In the entries below, find the line with "Салон бизнес-класса в" and the line with "注釈キリマンジャロバンケット[BANILACO/バニラコ] Clean it". Repeat exactly everything between them, those two lines included, but not the pictures.

▶ _DATA TO EXAMINE_:
▼▼▼

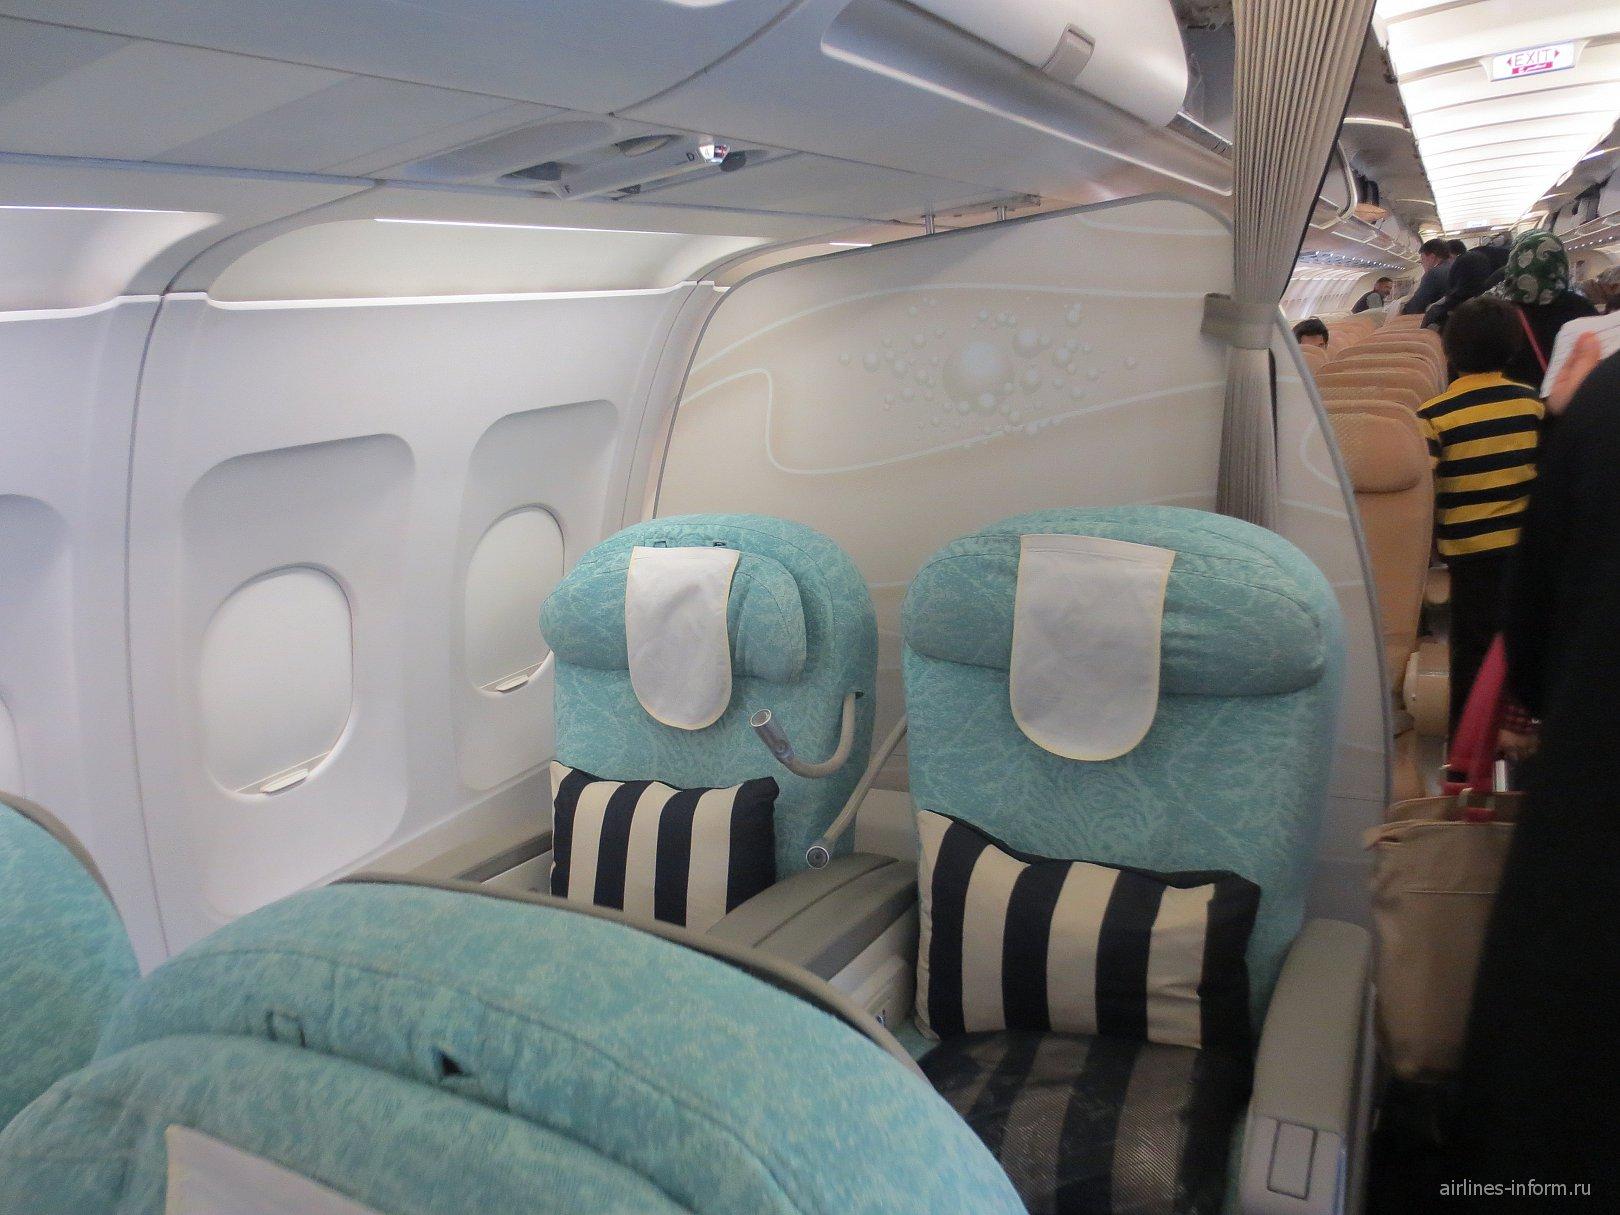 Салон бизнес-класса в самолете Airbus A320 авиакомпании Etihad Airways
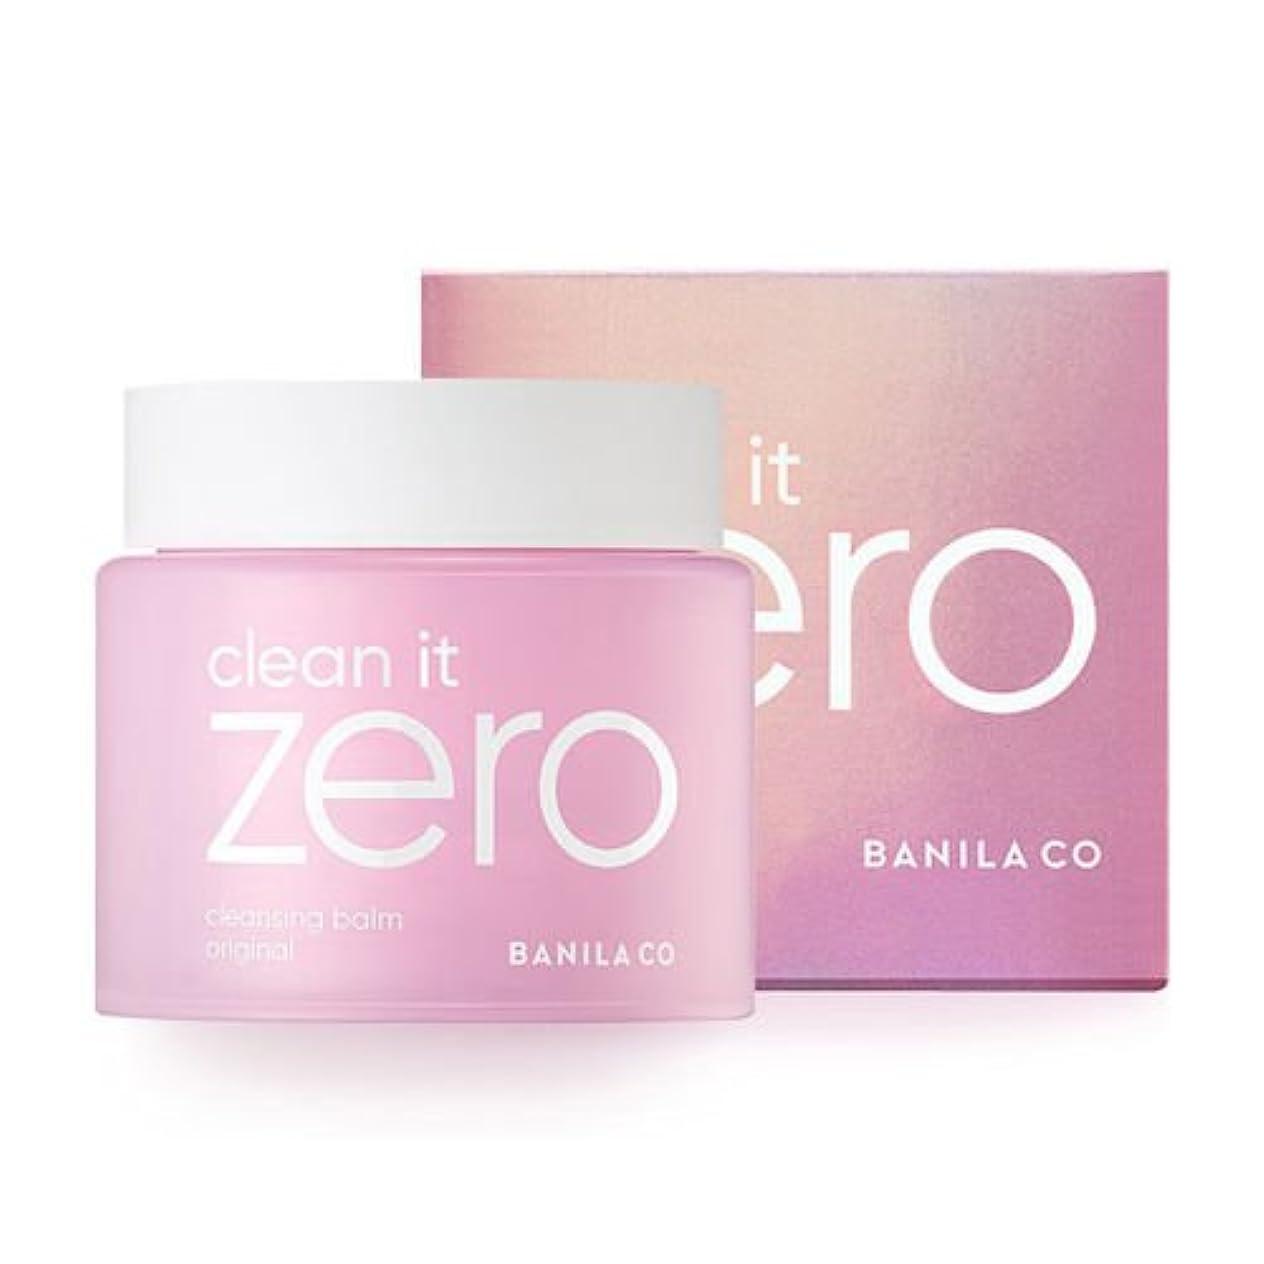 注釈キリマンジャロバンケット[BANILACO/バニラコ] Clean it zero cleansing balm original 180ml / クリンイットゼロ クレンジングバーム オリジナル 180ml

▲▲▲
▼▼▼

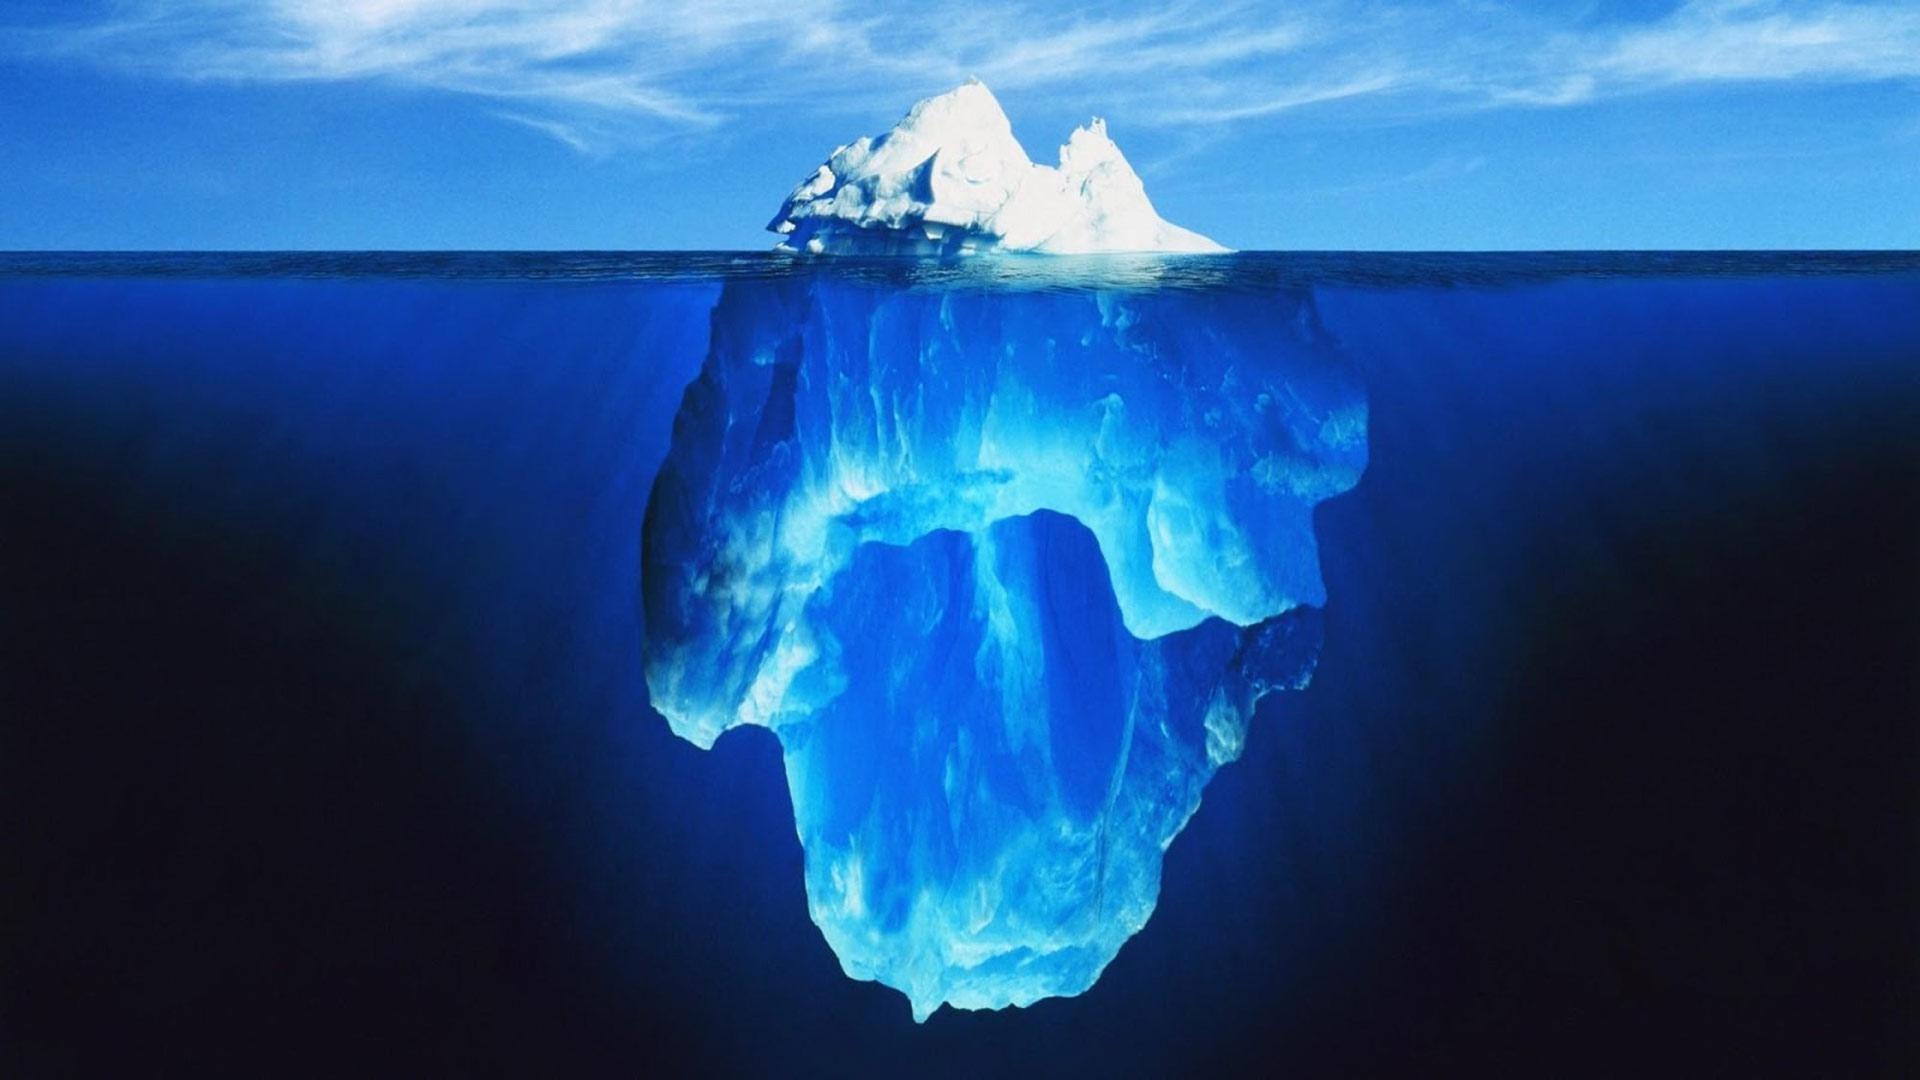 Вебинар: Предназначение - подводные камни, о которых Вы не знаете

▲▲▲
▼▼▼

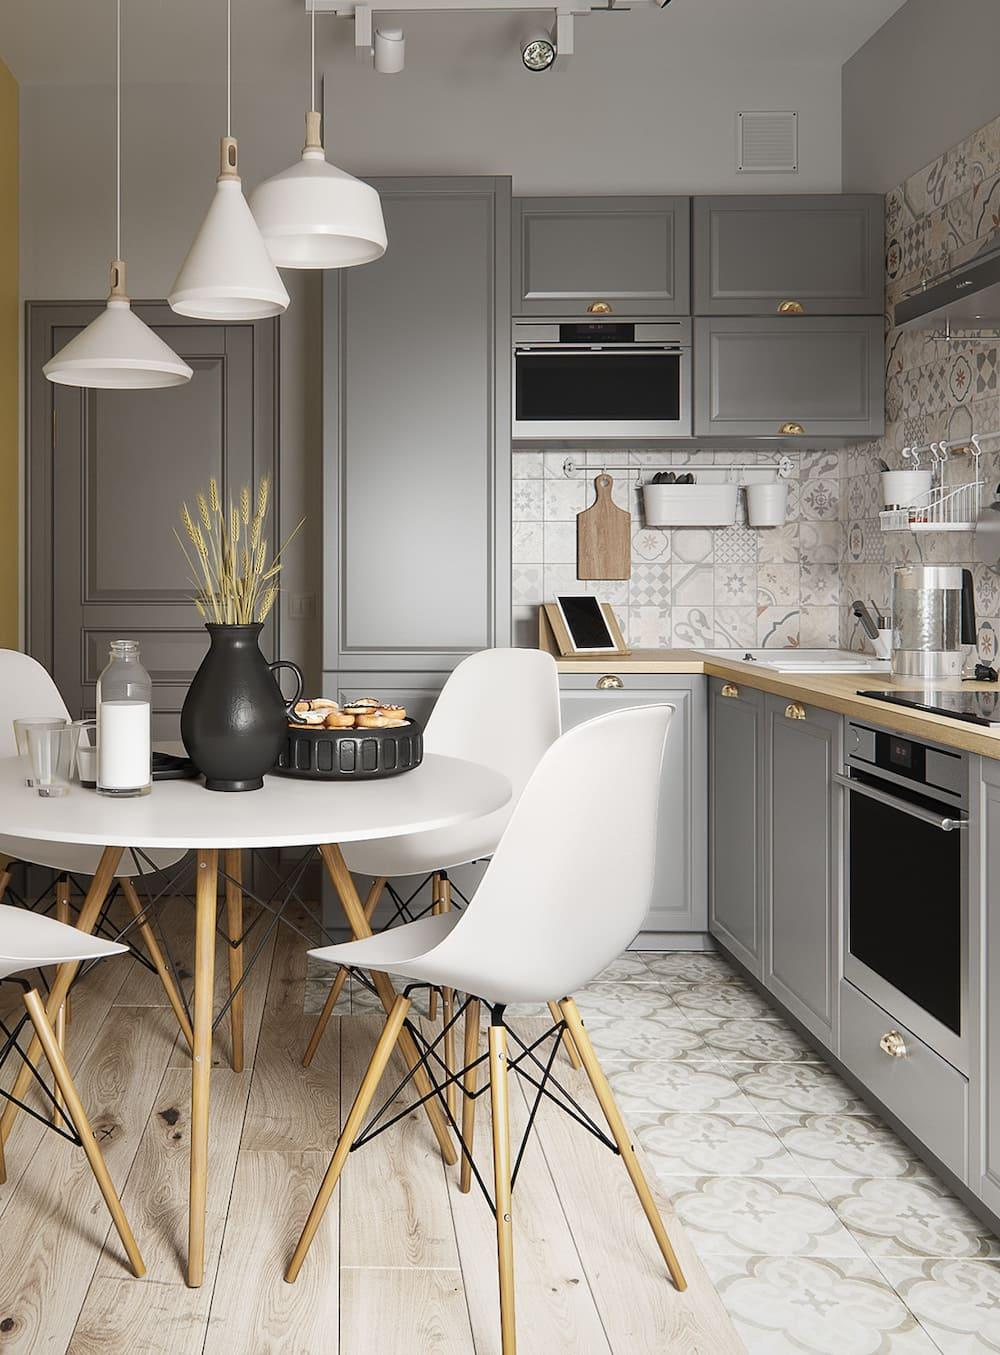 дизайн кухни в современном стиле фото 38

▲▲▲

▶ _TASK OUTPUT_:
 Салон бизнес-класса в самолете Airbus A320 авиакомпании Etihad Airways
 注釈キリマンジャロバンケット[BANILACO/バニラコ] Clean it zero cleansing balm original 180ml / クリンイットゼロ クレンジングバーム オリジナル 180ml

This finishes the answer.